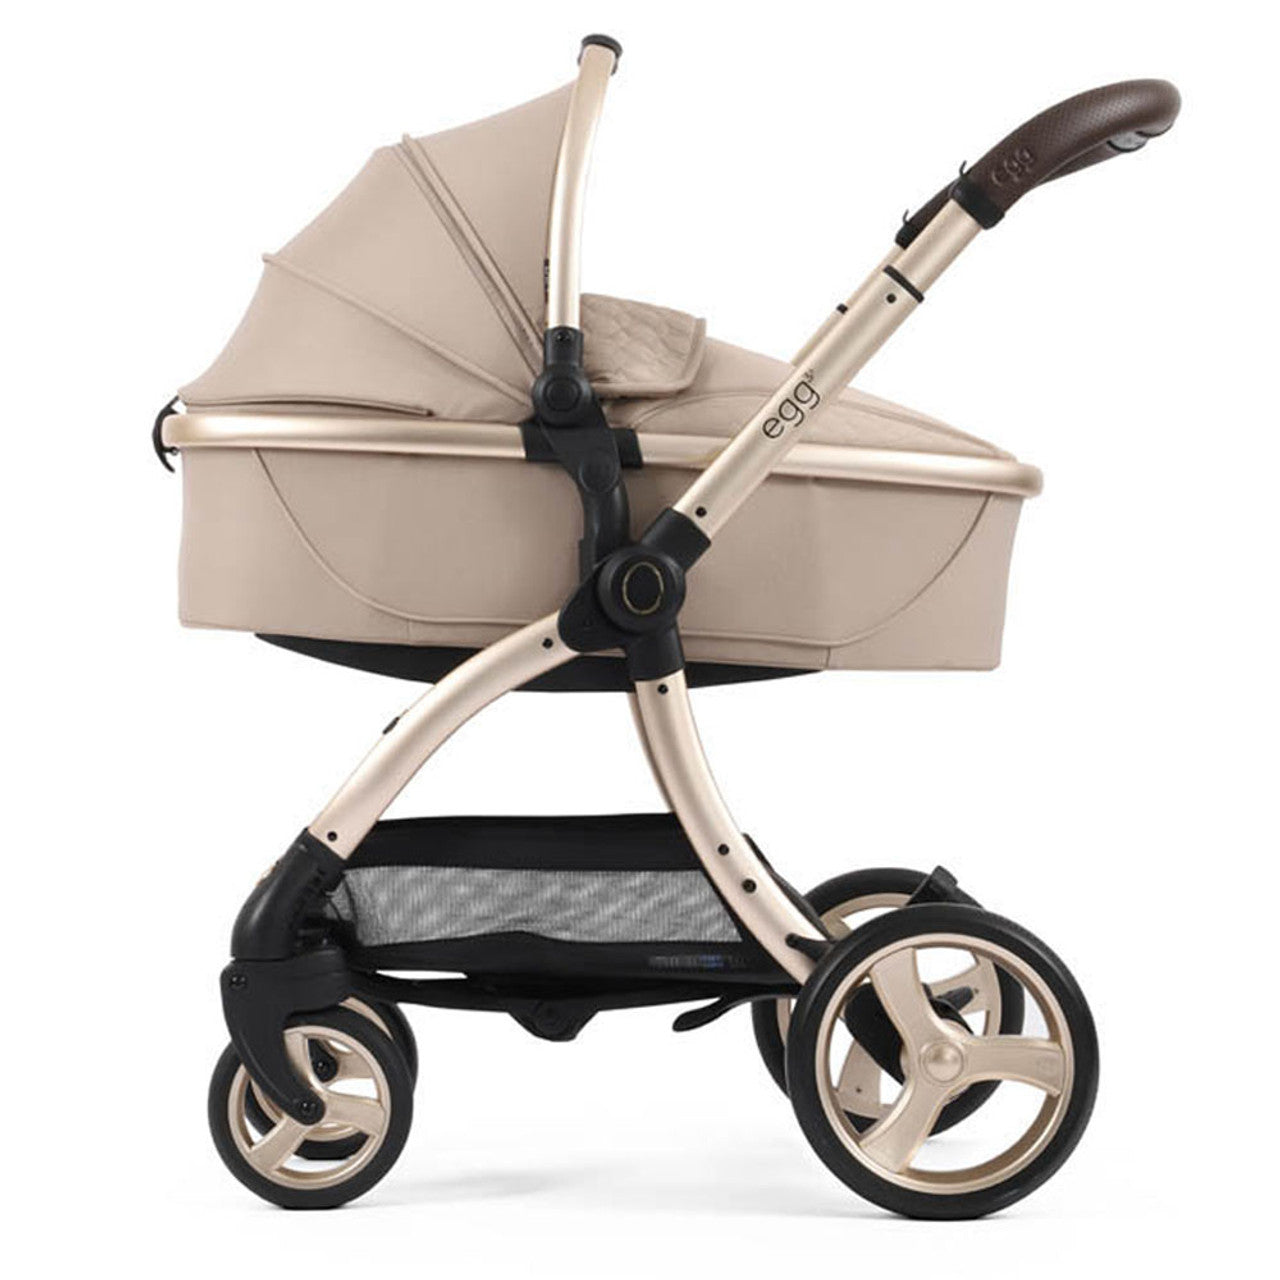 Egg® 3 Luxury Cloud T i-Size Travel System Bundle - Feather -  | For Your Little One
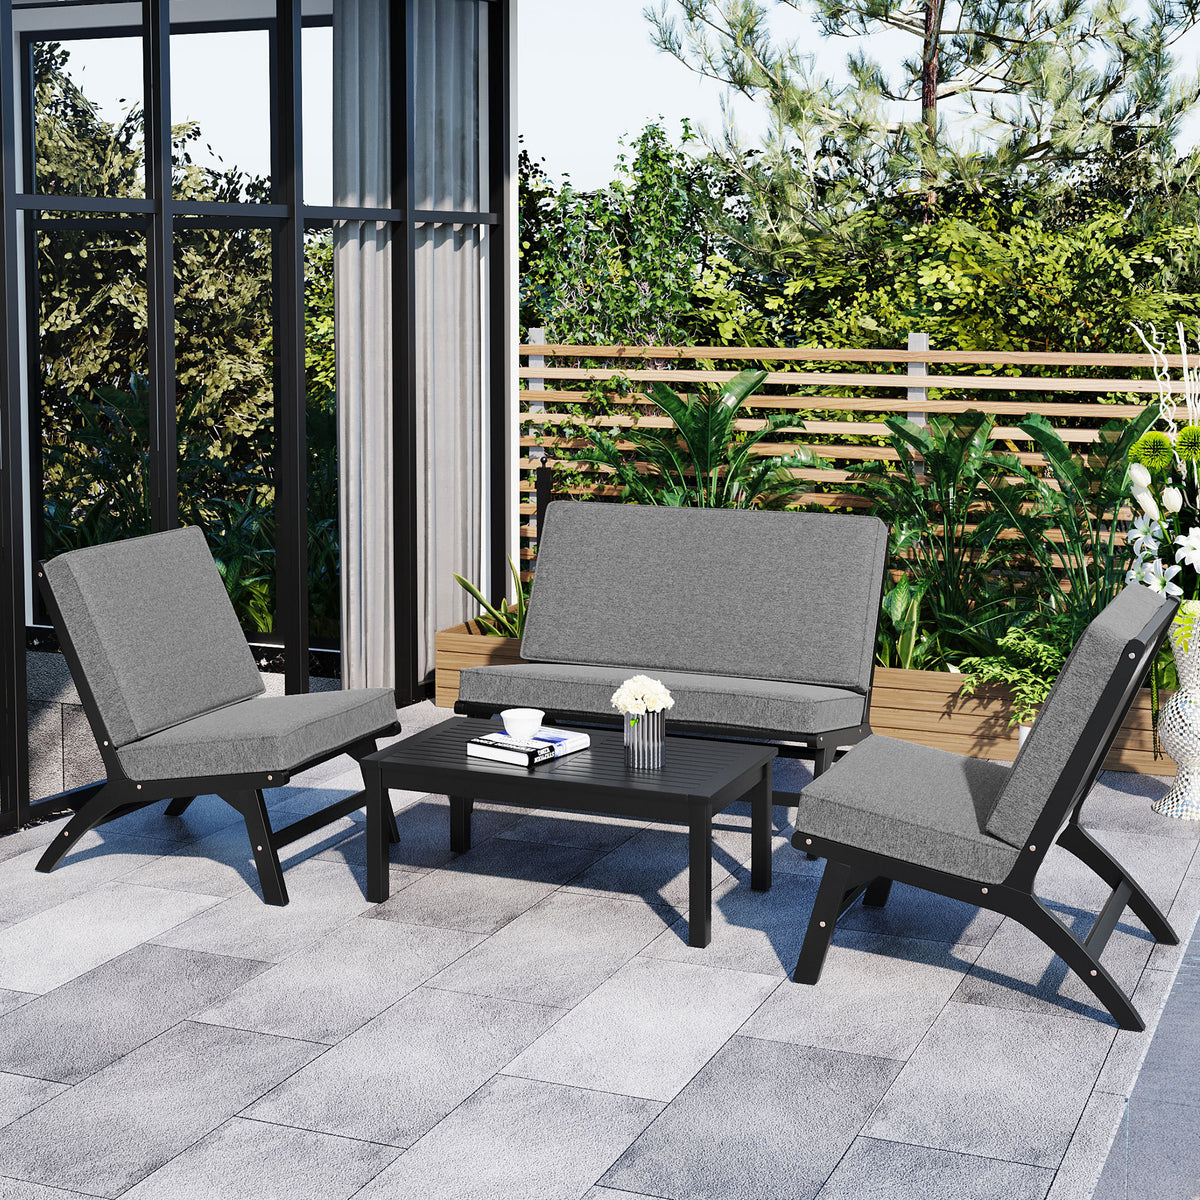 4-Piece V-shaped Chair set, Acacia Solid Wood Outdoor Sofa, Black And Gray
══════════════════════════════
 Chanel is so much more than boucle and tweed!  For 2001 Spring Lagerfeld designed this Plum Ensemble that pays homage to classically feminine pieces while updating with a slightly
══════════════════════════════
TO DO: Reproduce exactly, with no pictures, the lines above from the one holding "Egg® 3 Luxury" to the one holding "4-Piece V-shaped Chair", inclusive.

RESULT:
 Egg® 3 Luxury Cloud T i-Size Travel System Bundle - Feather -  | For Your Little One
 4-Piece V-shaped Chair set, Acacia Solid Wood Outdoor Sofa, Black And Gray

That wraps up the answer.